Transnational networks, standards and the ‘greening’ of ports: Cases from Europe and West Africa
Eric Tamatey Lawer
Sea ports remain a backbone to the world economy, facilitating and enabling the global flow of goods, ideas and people making them crucial hubs in the functioning of global value chains. However, port operations also have adverse impacts on the environment and local communities. Consequently, port authorities are facing pressure from the public and international arena to demonstrate a higher environmental and social performance as sustainability has become a topical concern globally.

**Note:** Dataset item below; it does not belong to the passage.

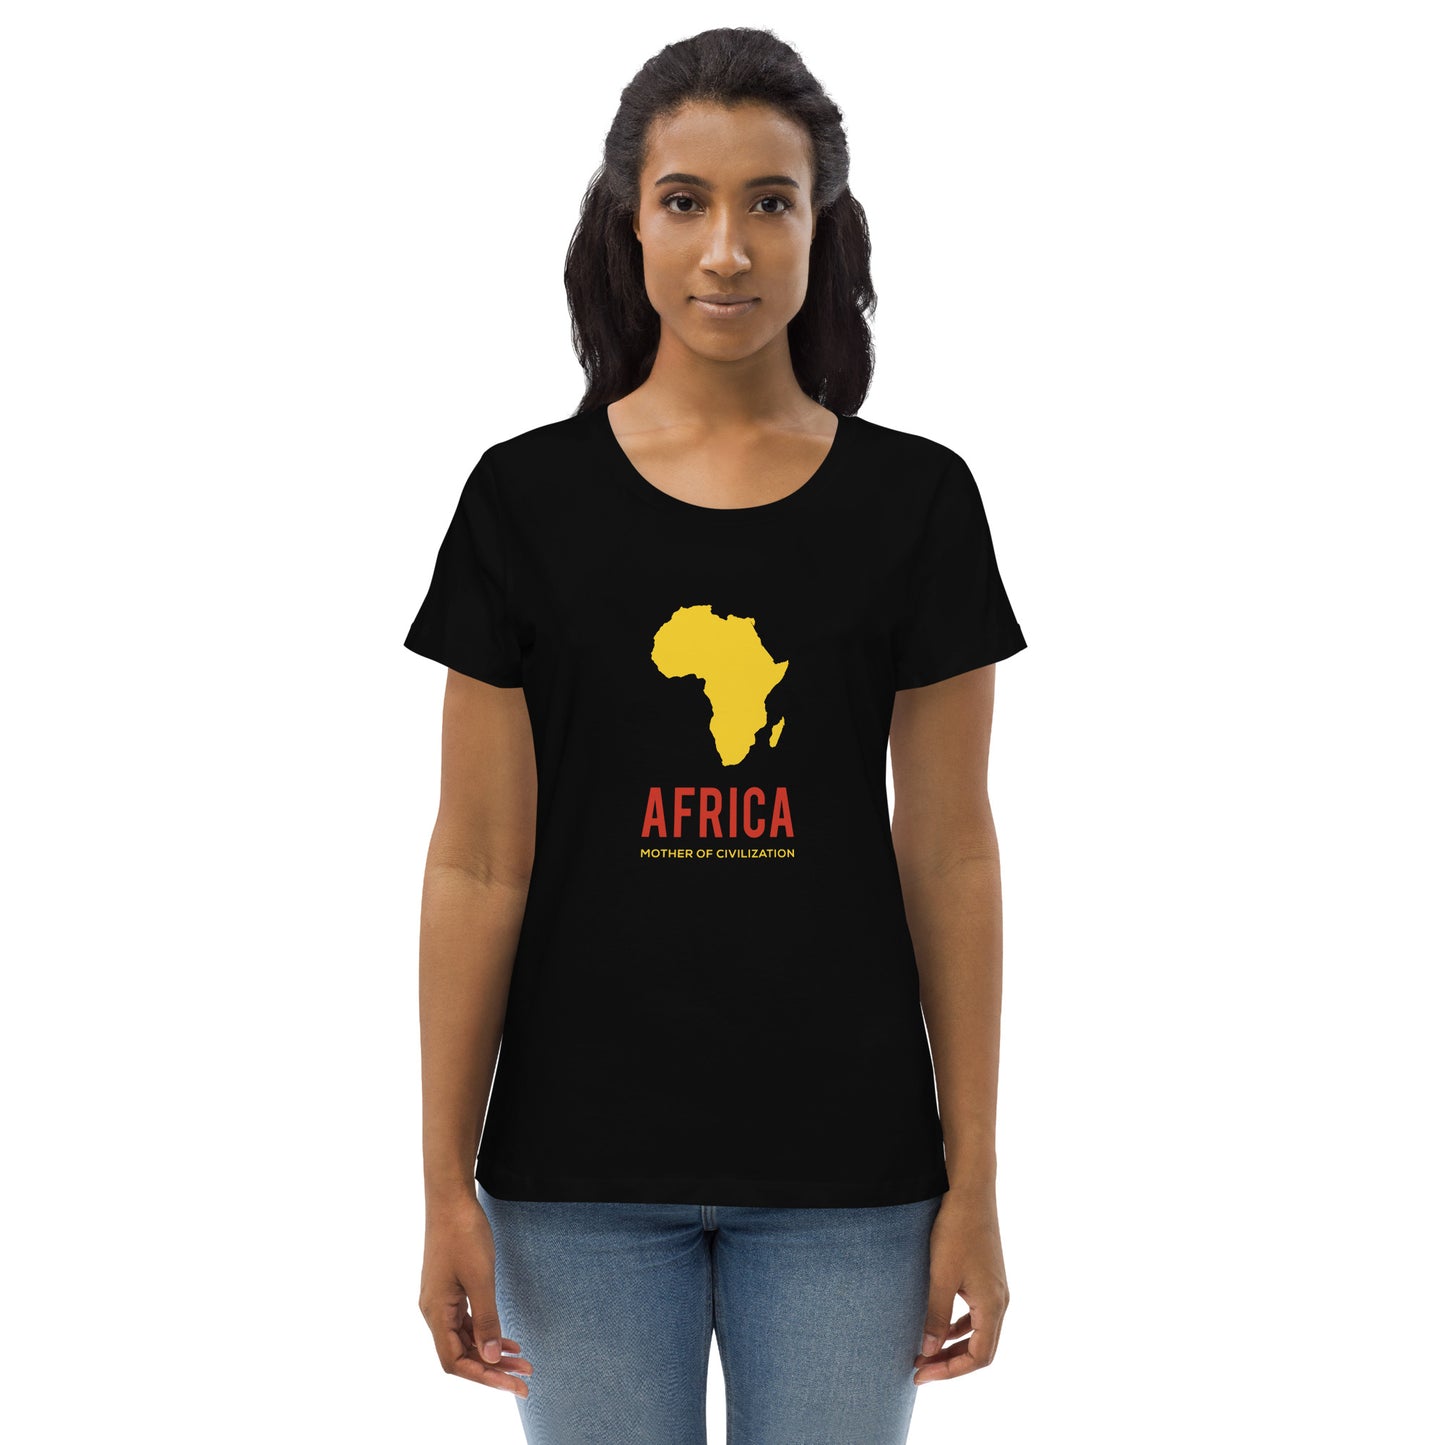 AFRICA - MOTHER OF CIVILIZATION Women's Tee

Recently, the ‘green port’ concept has emerged as a powerful port development discourse which has been used to describe various notions of sustainable port management and development. As ports are indispensable nodes of supply chains involving many strategic stakeholders; several transnational cooperation, collaborations and alliances have been formed between port authorities, port operating companies, port cities and technology companies for a range of purposes including improving the environmental and social performance of ports across the globe in the form of environmental upgrading in global supply chains. Examples include port environmental networks such as the EcoPorts network, the World Port Climate Initiative, and the African Ports Environment Initiative. The assumption is that such collaborations will facilitate the production of knowledge, benchmarking best practices and standards and facilitate their transfer for the ‘greening’ of ports.
The overreaching theme of the research is to explore the concept of ‘green ports’ and the emerging transnational networks and standards for the ‘greening’ of ports in European and West African contexts based on literature reviews and qualitative research tools such as interviews, participant observations and focus group interviews.